EXERCISE: Images excepted, the data below must be repeated exactly.

INFORMATION PROVIDED:
-----
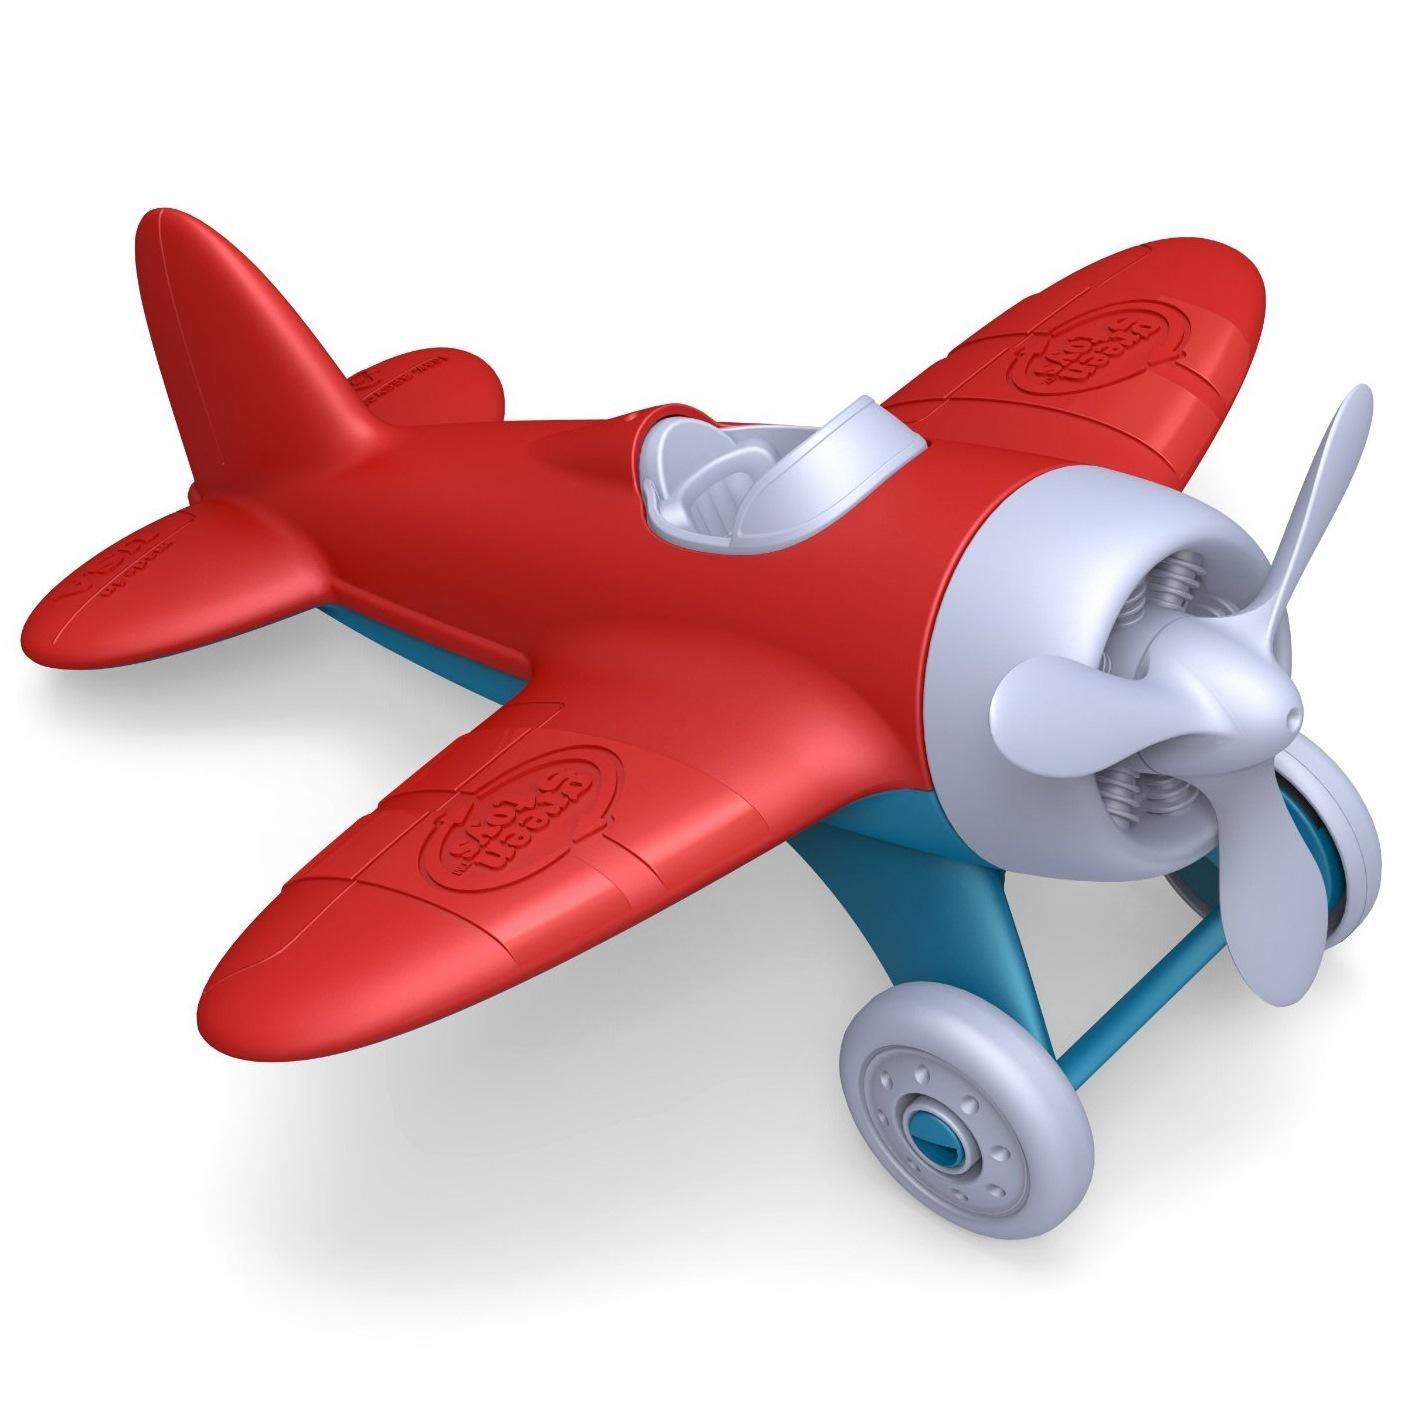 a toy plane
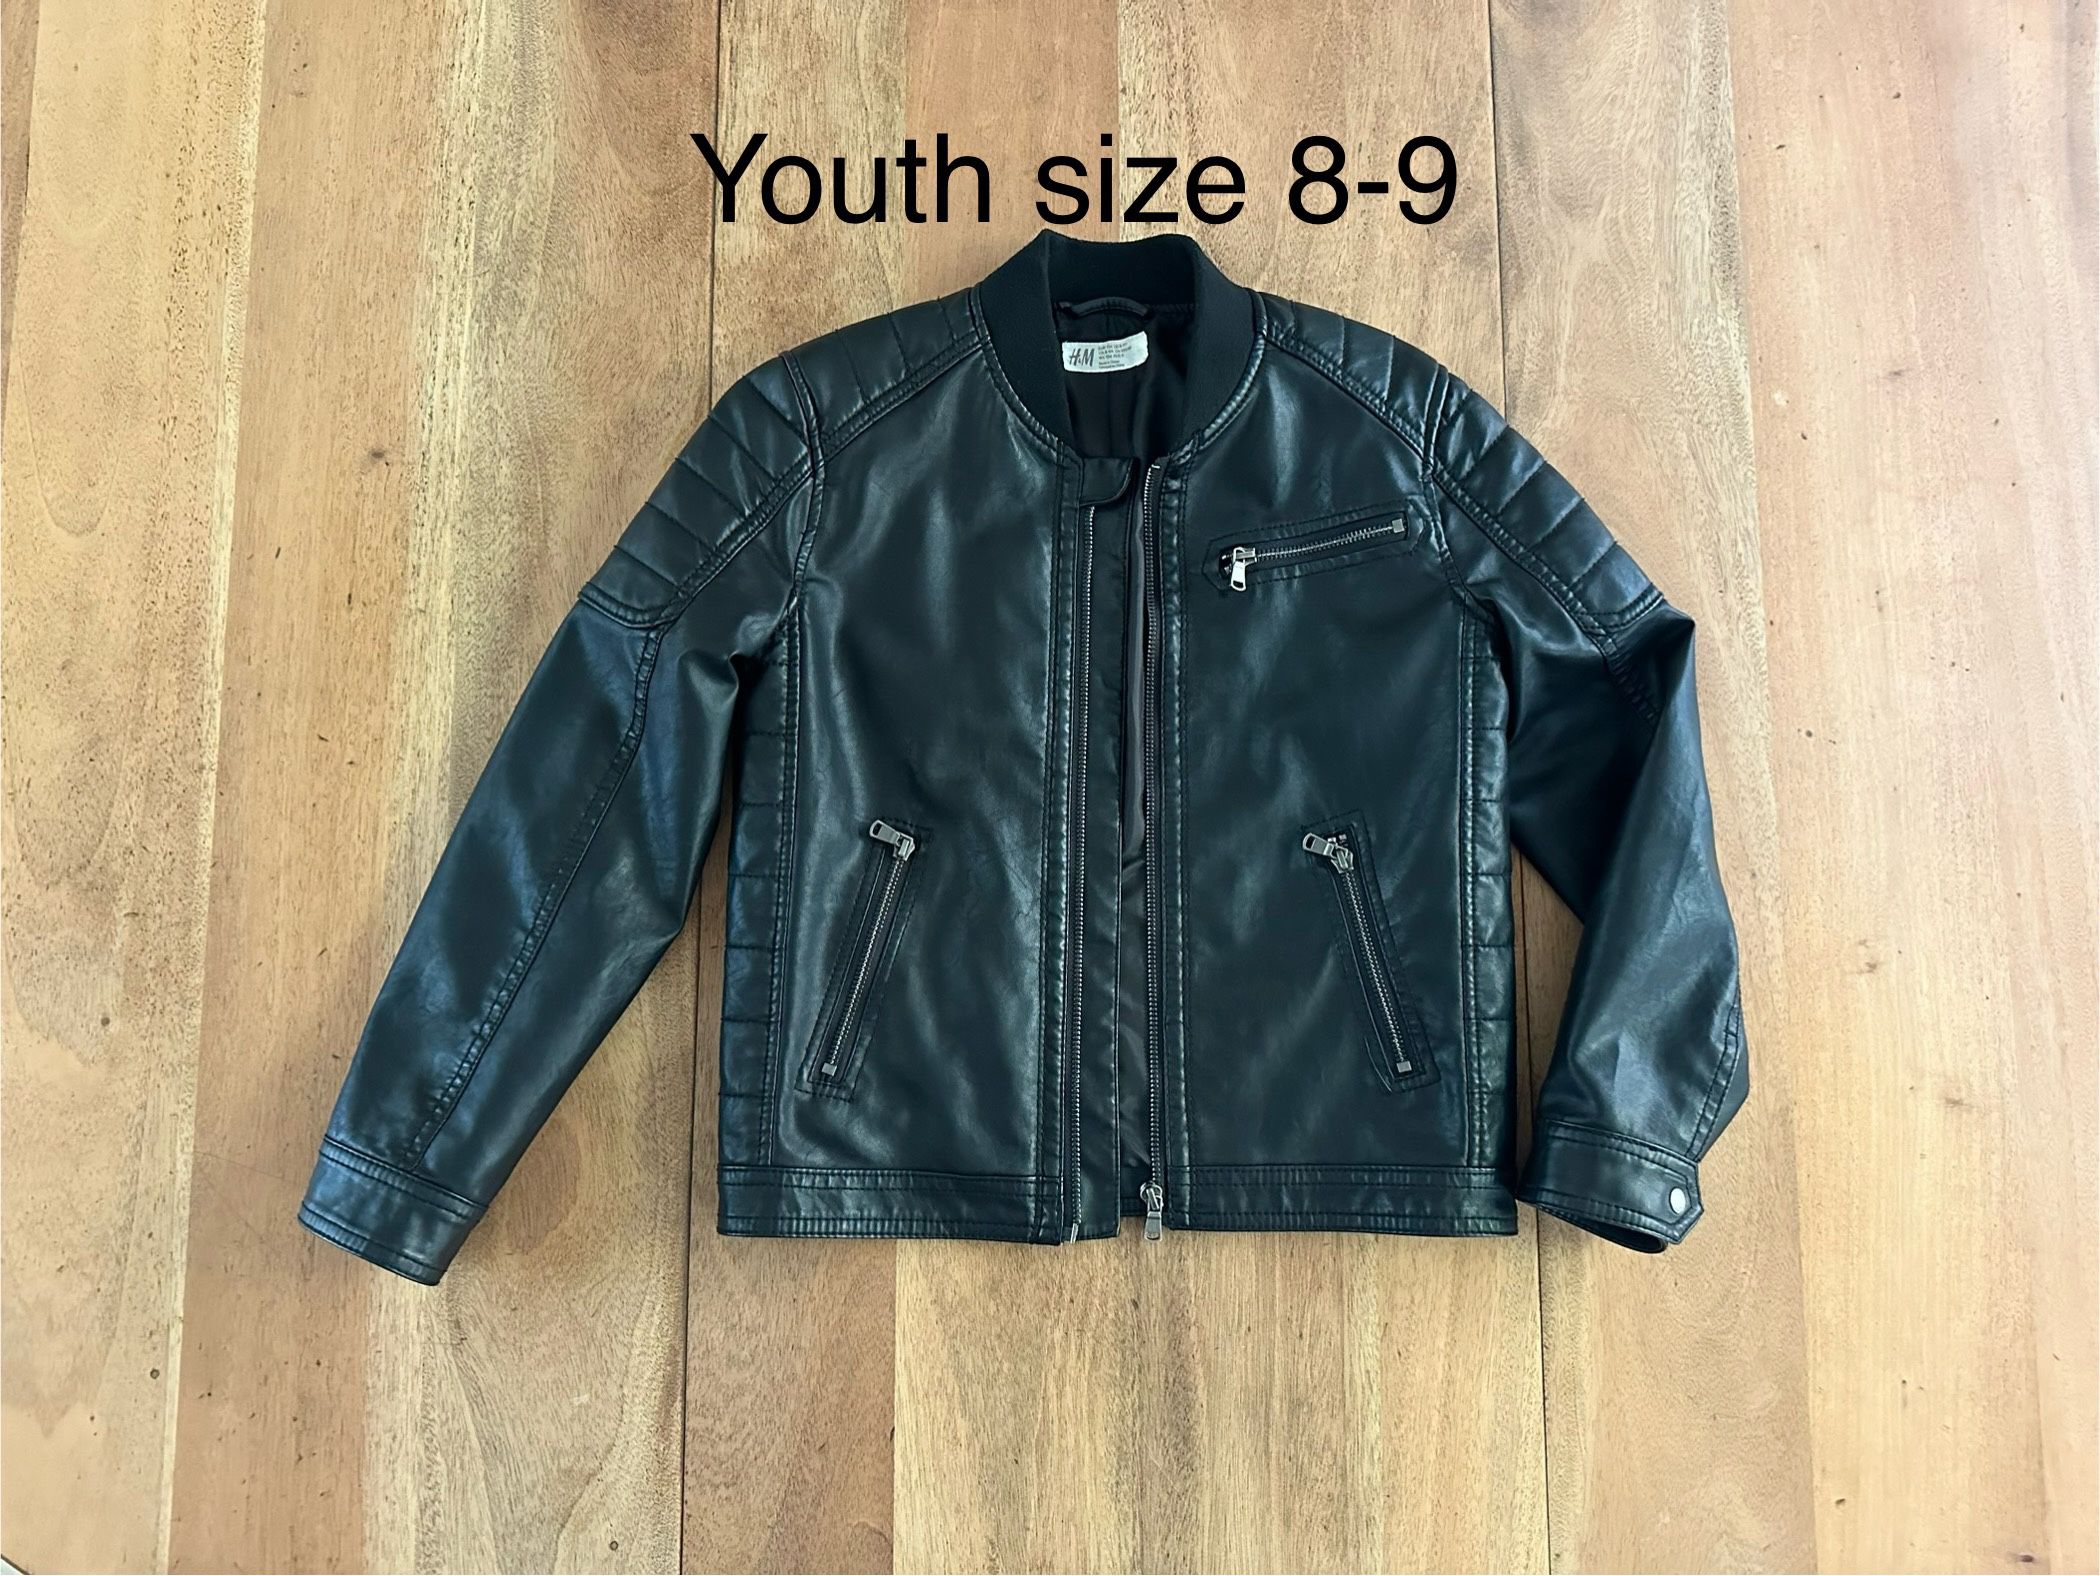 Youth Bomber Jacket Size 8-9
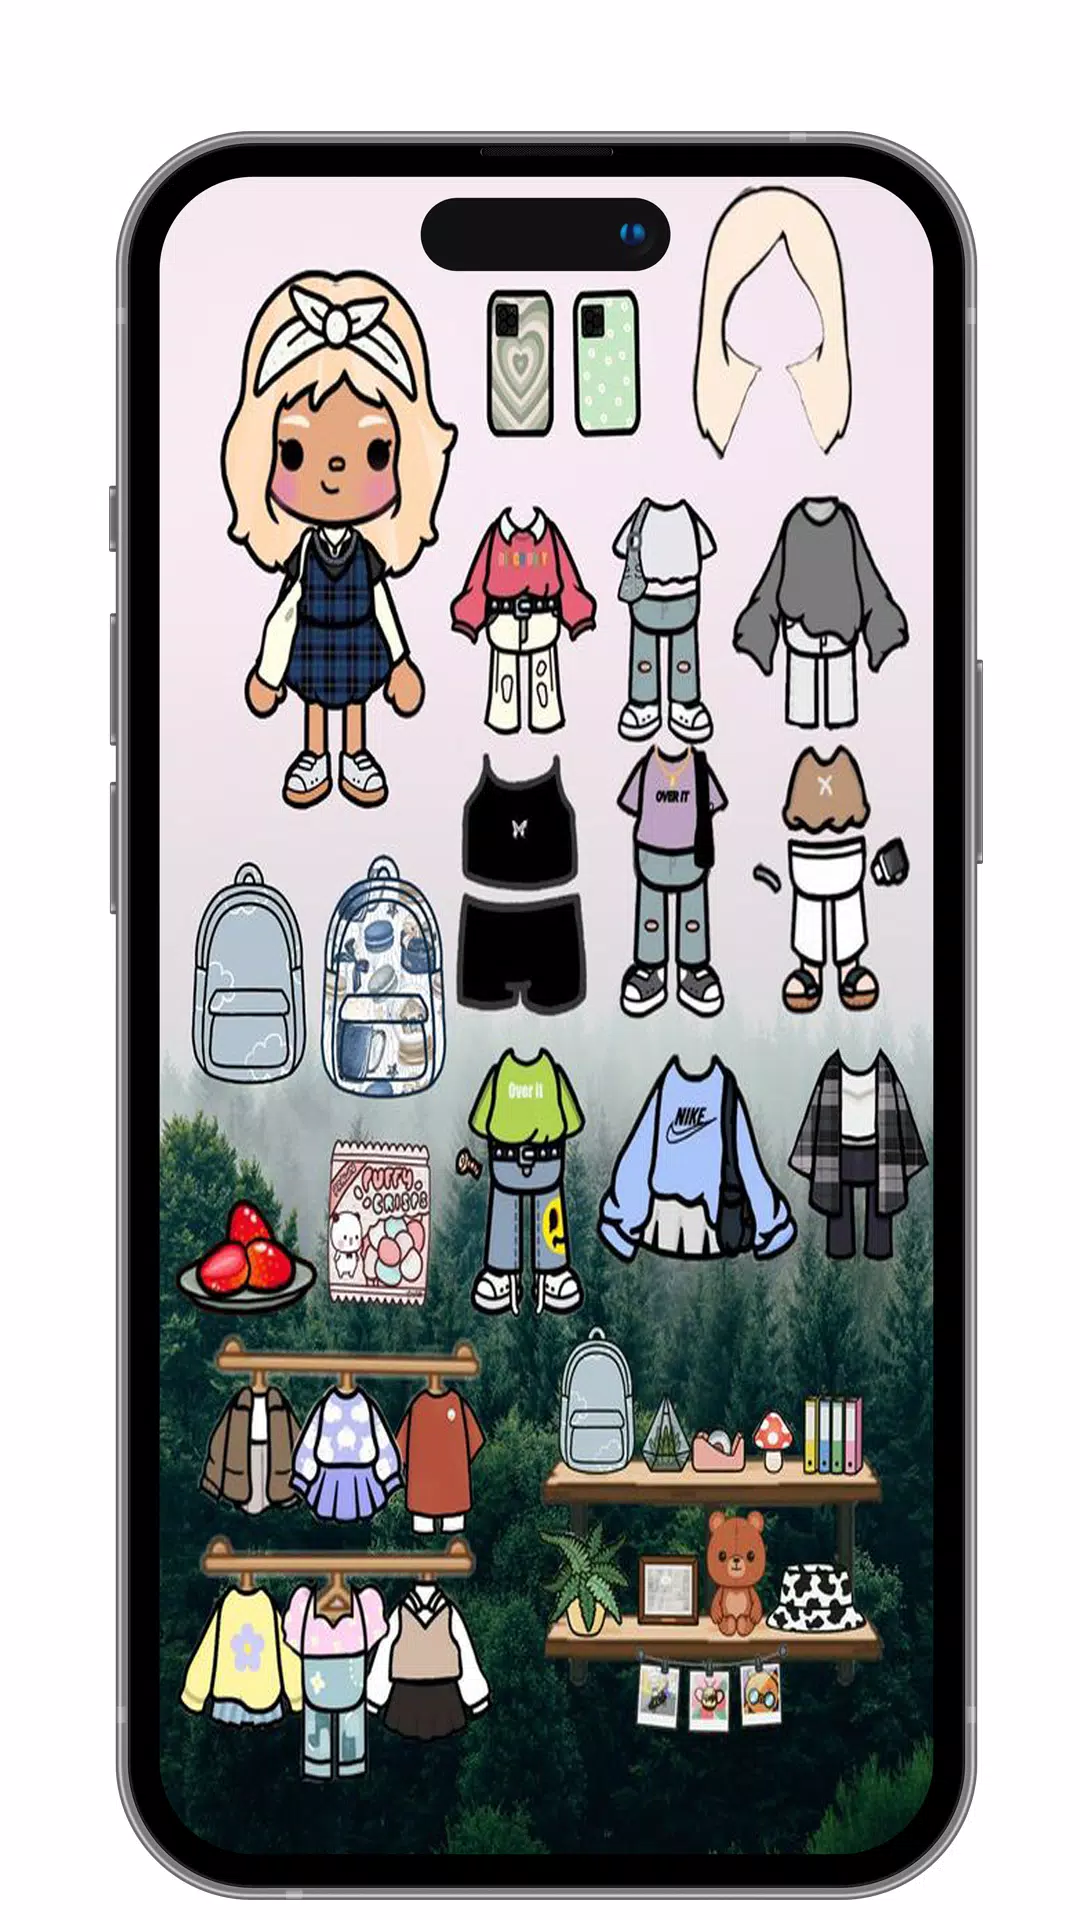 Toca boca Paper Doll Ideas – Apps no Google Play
-----
ANSWER:
 a toy plane
 Youth Bomber Jacket Size 8-9
 Toca boca Paper Doll Ideas – Apps no Google Play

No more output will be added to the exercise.